The district court performed a complete and thorough analysis of the
relevant facts in this case. To the extent that the district court did not explicitly
analyze or weigh certain corporate policies offered as evidence of the amenability
of Plaintiffs-Appellants’ claims to class-wide resolution, we conclude that there
was no abuse of discretion because the district court held that Plaintiffs-Appellants
had not shown that those policies actually controlled the day-to-day experiences of
Hertz employees. Because Plaintiffs-Appellants’ evidence did not bridge the gap
between policy and practice, the district court need not subject the policy evidence
to the level of rigorous analysis that we generally require. Wells Fargo, 731 F.3d
at 958-59 (holding that uniform corporate policies “carry great weight for
certification purposes” only where the policies “reflect the realities of the
2
workplace”); Marlo v. UPS, Inc., 639 F.3d 942, 948 (9th Cir. 2011) (distinguishing
evidence of common corporate policies from evidence that employees actually
performed exempt activities).
Our precedent does not require a district court to make findings with respect
to all evidence offered, but rather requires examination of all evidence that
constitutes a “substantial factor” in the certification analysis.

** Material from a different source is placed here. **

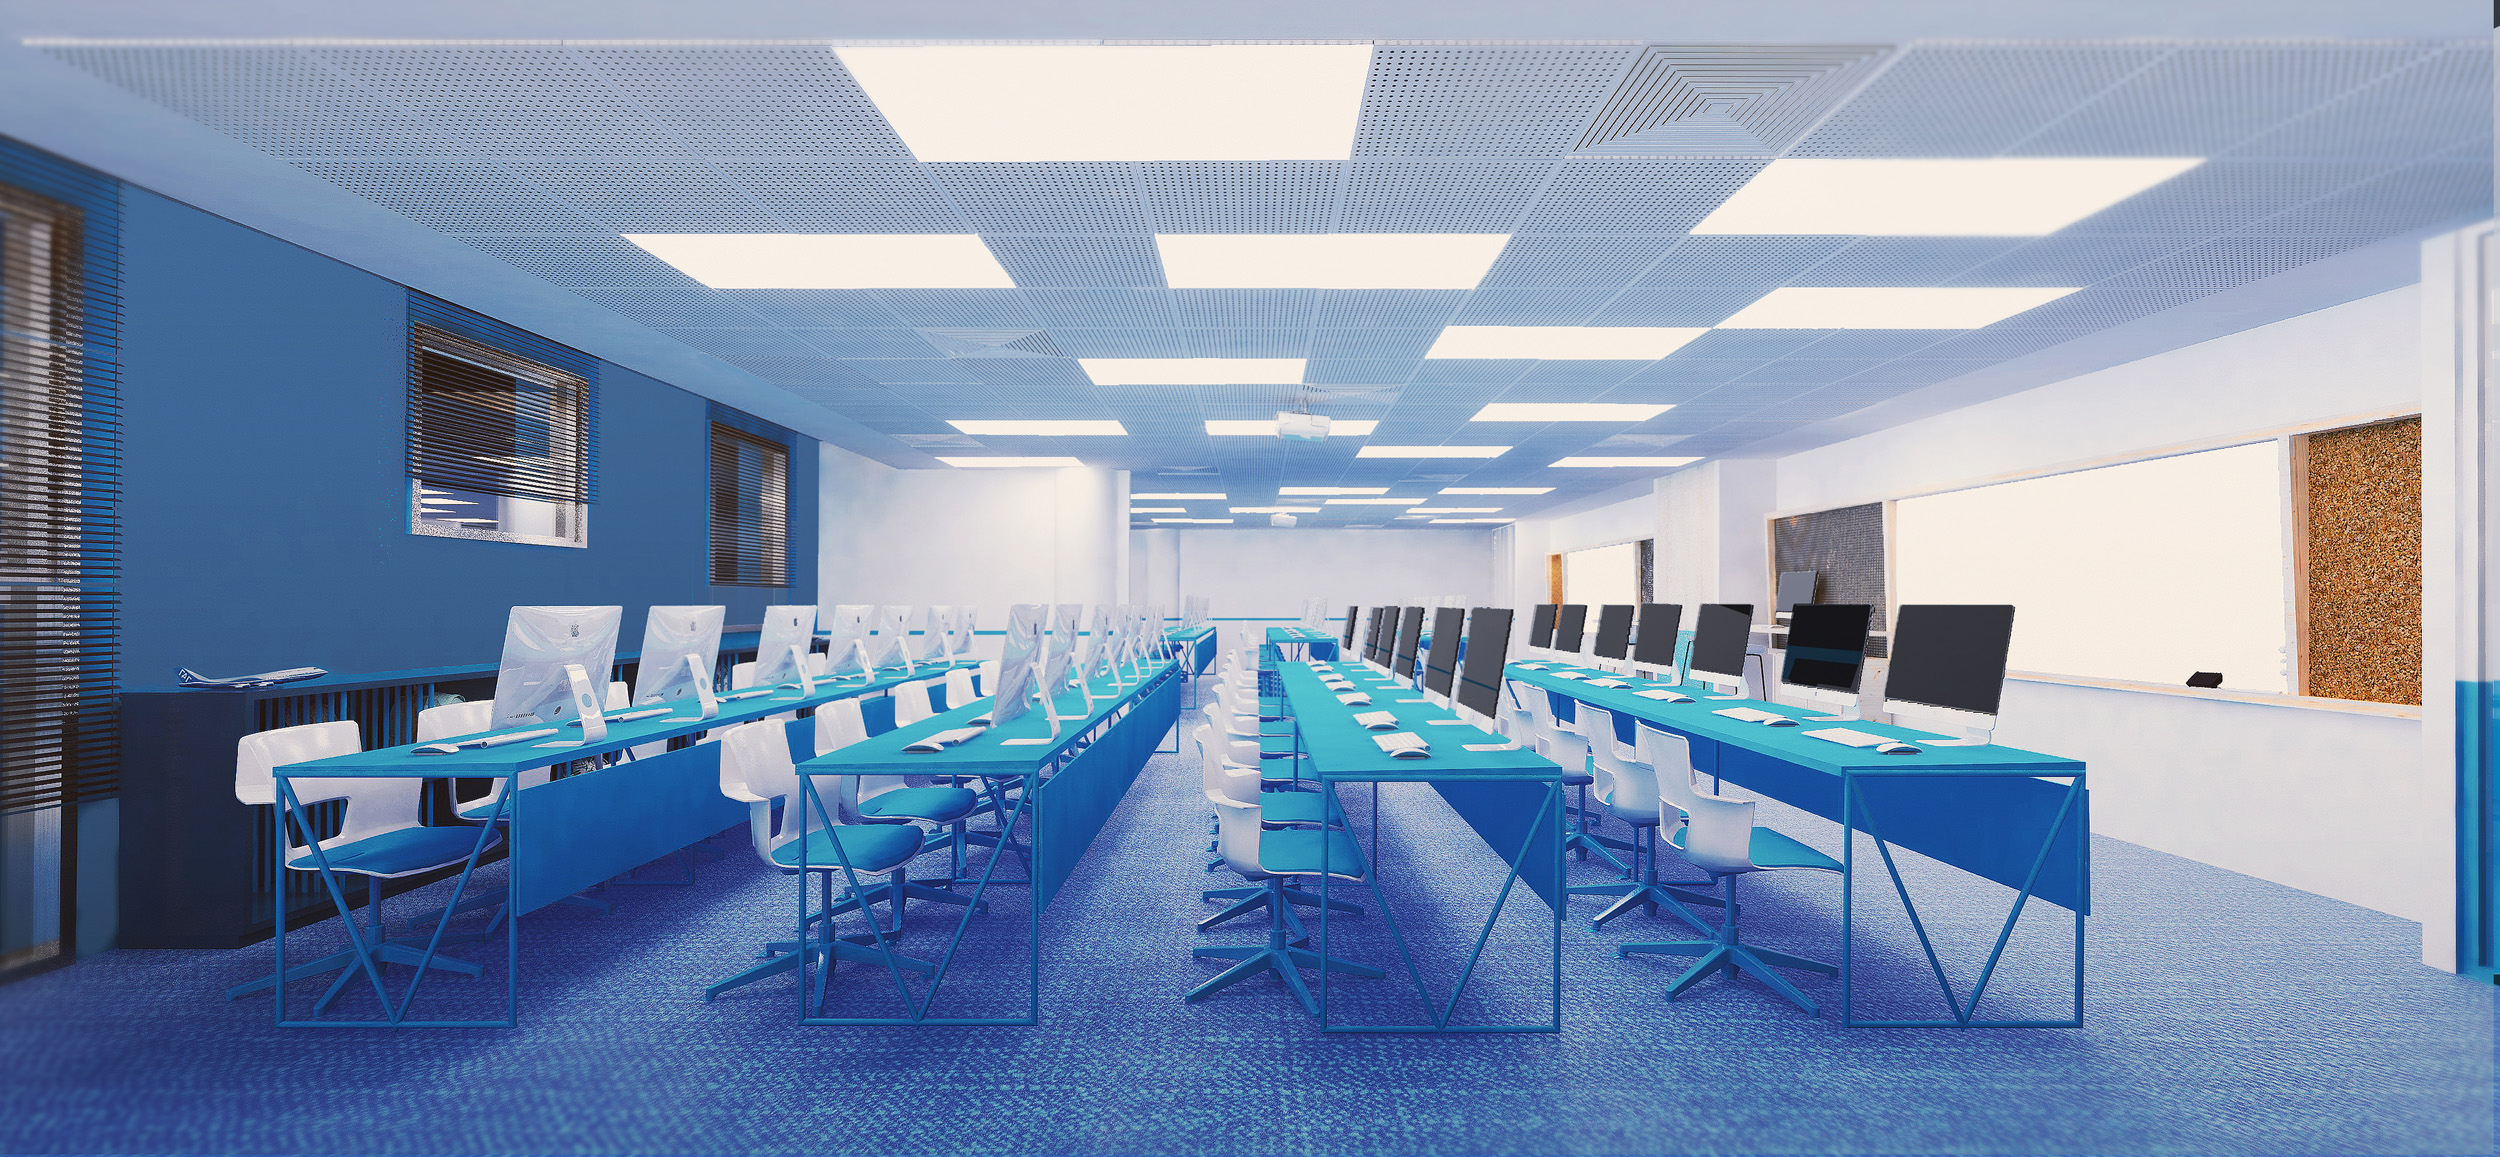 TRAINING CENTER |  Gila Shemie Zakay Interior Design

Wells Fargo, 731
F.3d at 957. The district court did so sufficiently here, and did not abuse its
discretion by declining to certify the requested class.1
AFFIRMED.
1
We do not reach in the first instance Plaintiffs-Appellants’ request for
certification of an issue class under Federal Rule of Civil Procedure 23(c)(4), as
this issue was not presented to nor decided by the district court. The Rule 23(c)(4)
claim is dismissed without prejudice to it being raised in the district court. See,
e.g., Ellis v. Costco Wholesale Corp., 657 F.3d 970, 987 (9th Cir. 2011) (vacating a
grant of class certification but remanding for consideration of whether a different
form of class action may be appropriate).